This is very well animated and well motivated in the beginning. A hard agree on that matrices can have wildly different meaning in different contexts. Just a bit of nitpick at the end - I don't think Fourier transform works for ALL functions, just sufficiently "nice" functions (while SVD really works for ALL matrices). I understand the comparison being that they are decomposition of some "complicated" objects into "simpler" objects to deal with, though. But anyway, this is a very good video!
DAMN !!! Mathemaniac is peer reviewing my video ?! What a honor ! I think you are right, fourier transform really doesn't work on ALL function. By the way, I think your Quintic video is going to win this year, it's so impressive.
This was super well done. Great job!!!
Thank you Vivek ! A very special "first comment" my video got here.
This is by far the most brilliant and entertaining videos for understanding linear algebra. You've done a very great job man! Thank you so much.

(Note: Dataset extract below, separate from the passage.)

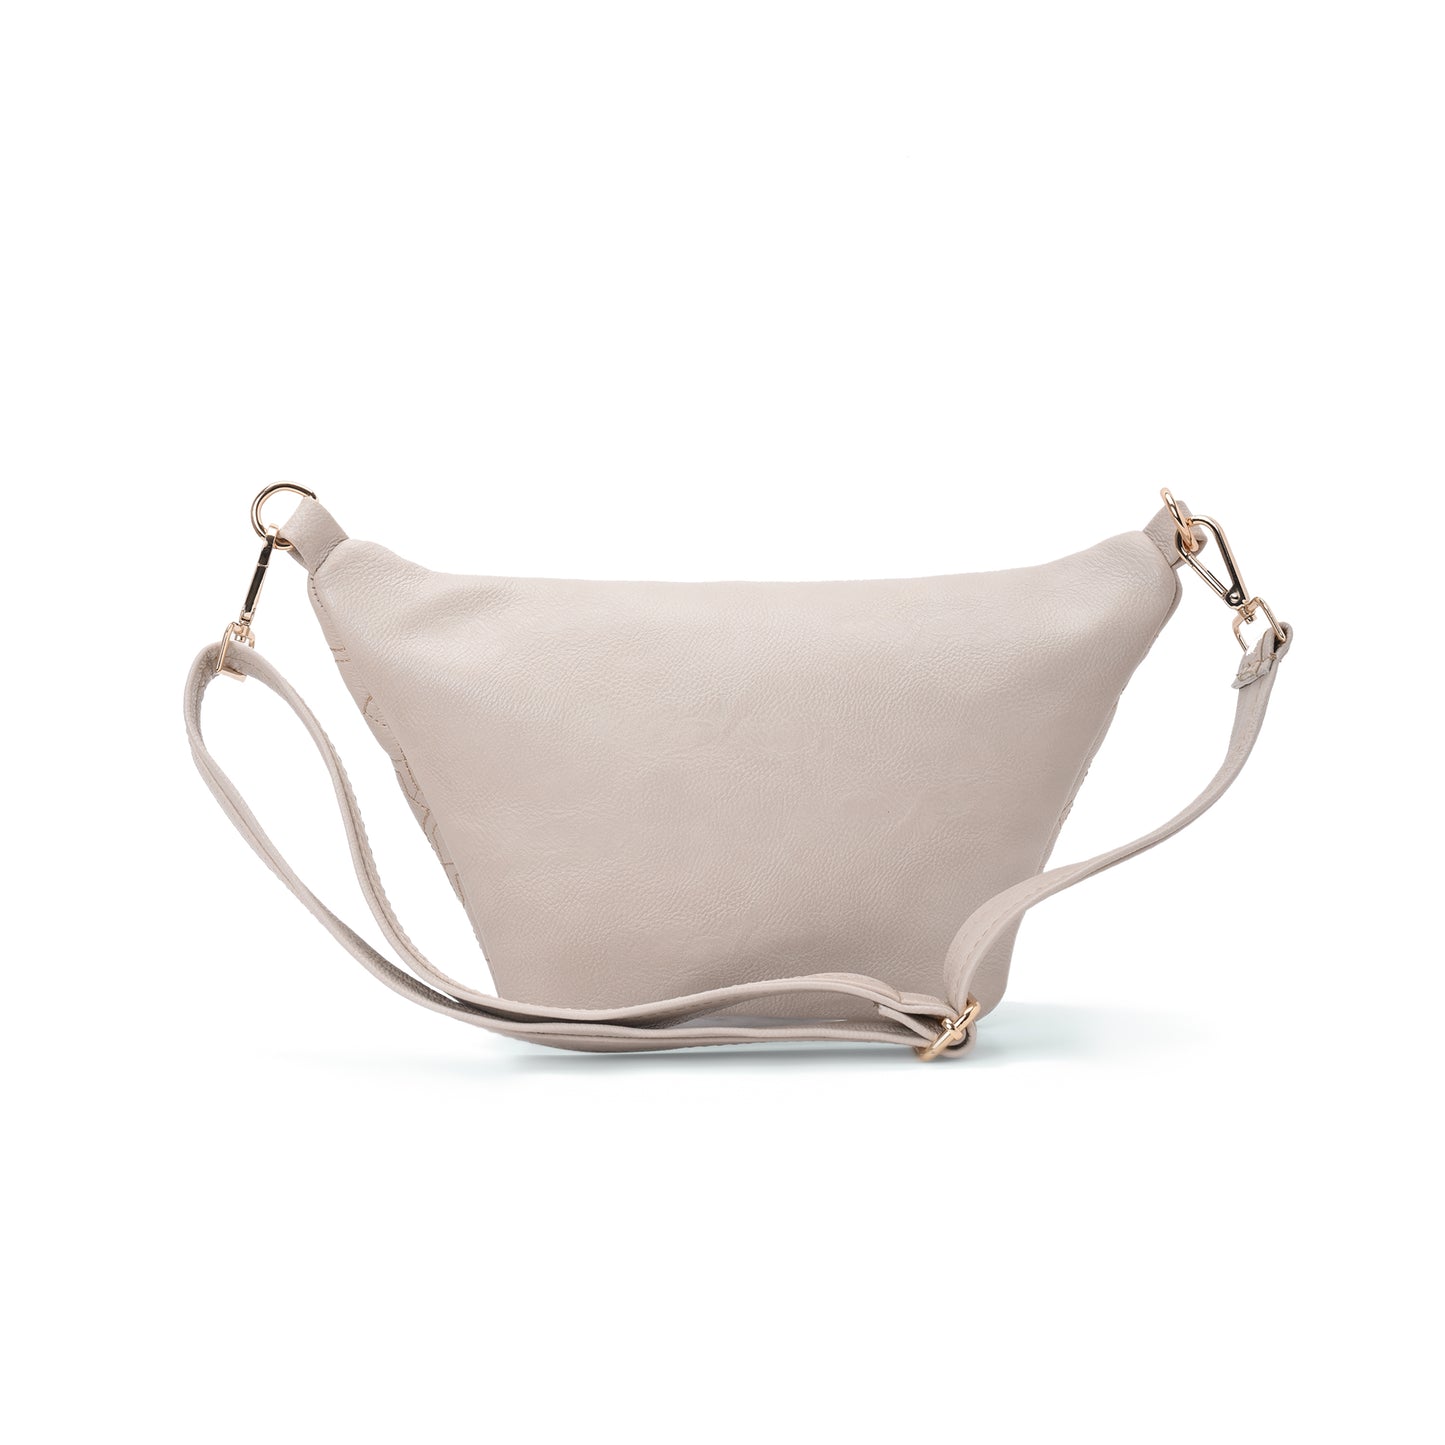 Fanny pack - Cream color with Mamluki Pattern- Code 1003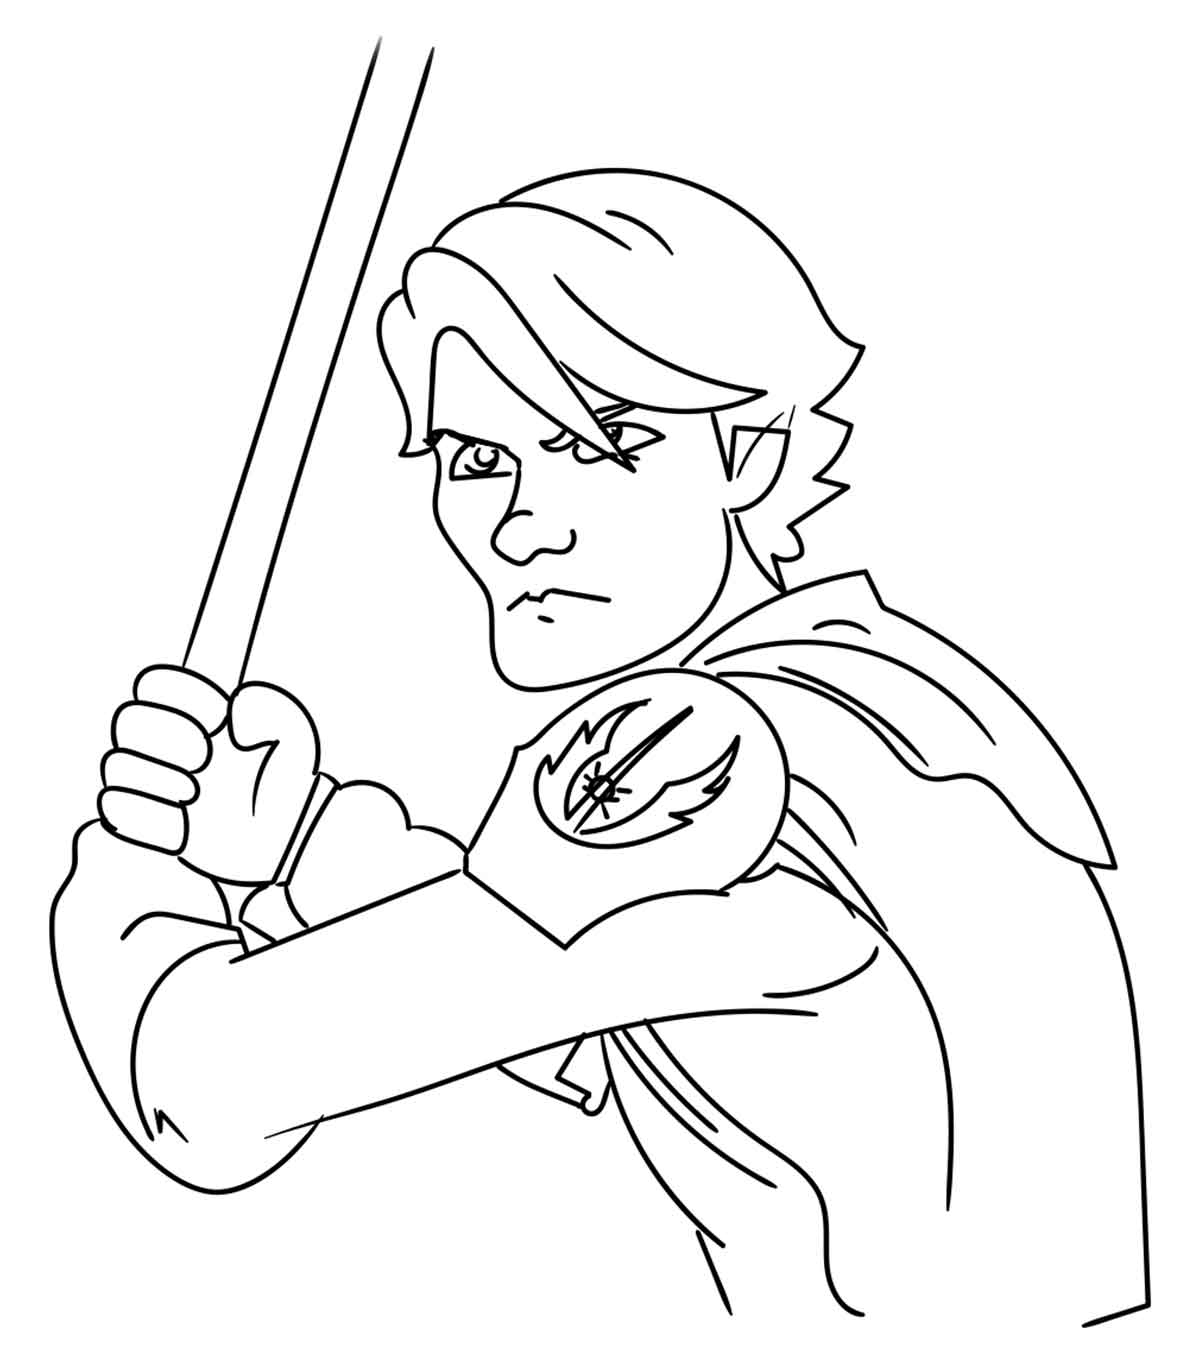 Download Star Wars Clone Wars Coloring Pages - Best Coloring Pages For Kids

my god dude, you are incredibly gifted. I didn't have to squint my eyes to understand everything. Very articulate and powerfully simple. Thank you.
It's hard to pay attention when you recognize all the anime songs😂 good job either on SVD and sounds!
After searching the entire Internet for whole day, I bumped into this series which gave me clear visual interpretation of what and why of SVD to understand PCA, free of cost far better than paid ones. Without this, these algorithms are just numerical operations making no sense to any individual not expert in Algebra and all.
You are a pure boon and bliss to learners like us. Such beautiful work are another dimension to humanity. Thanks a lot..!!🙂🙏
Just went over all of these for my data science class, this deserves a million views. Thank you sir.
These videos are, in my opinion, best explanations ever to linear algebra and matrix decompositions. I have watched tons of videos and read two books. None of which gave me intuition about linear algebra, only formulas and I couldn't get my way out of it.
Thanks. Please, keep making videos like this.
I can't wait for the principal component analysis video you promised 👀
A huge thanks. You deserve the Oscar for "Best Matrix Algebra Teacher" for this (together with Chapter 1 & 2)! ..... a real achievement in describing a difficult set of concepts in such an intuitive visual manner. Congratulations!!
I am gonna remember these concepts for the rest of my life - all because your videos provided an intuitive insight which cannot be any simpler. Hats off! SVD always scared me, but far less now. :)
This is absolutely mind blowing. The way you can explain these concepts visually and intuitively is beautiful and clear. I should not be able to watch this for free
Gahd damn this was cinematic. Loved the little details like the guitar strum starting from one note going to a full chord as you explained the completeness of SVD.
Thank you for explaining complex ideas in such an intuitive way! It has been immensely helpful to me!
I just came across this video. Your explanation is absolutely amazing. Then I go to your channel and realise you haven't been on YT for 2 years. I wish you come back!
After many days in the desert of linear algebra, thank you for teaching us how to ride those horses and helping us understand their names.
Awesome work! This is probably the best explanation of SVD on RUclips. Would be great if you created the PCA video
Amazing set of videos man! I don't have words to describe it! This is what the internet is meant for.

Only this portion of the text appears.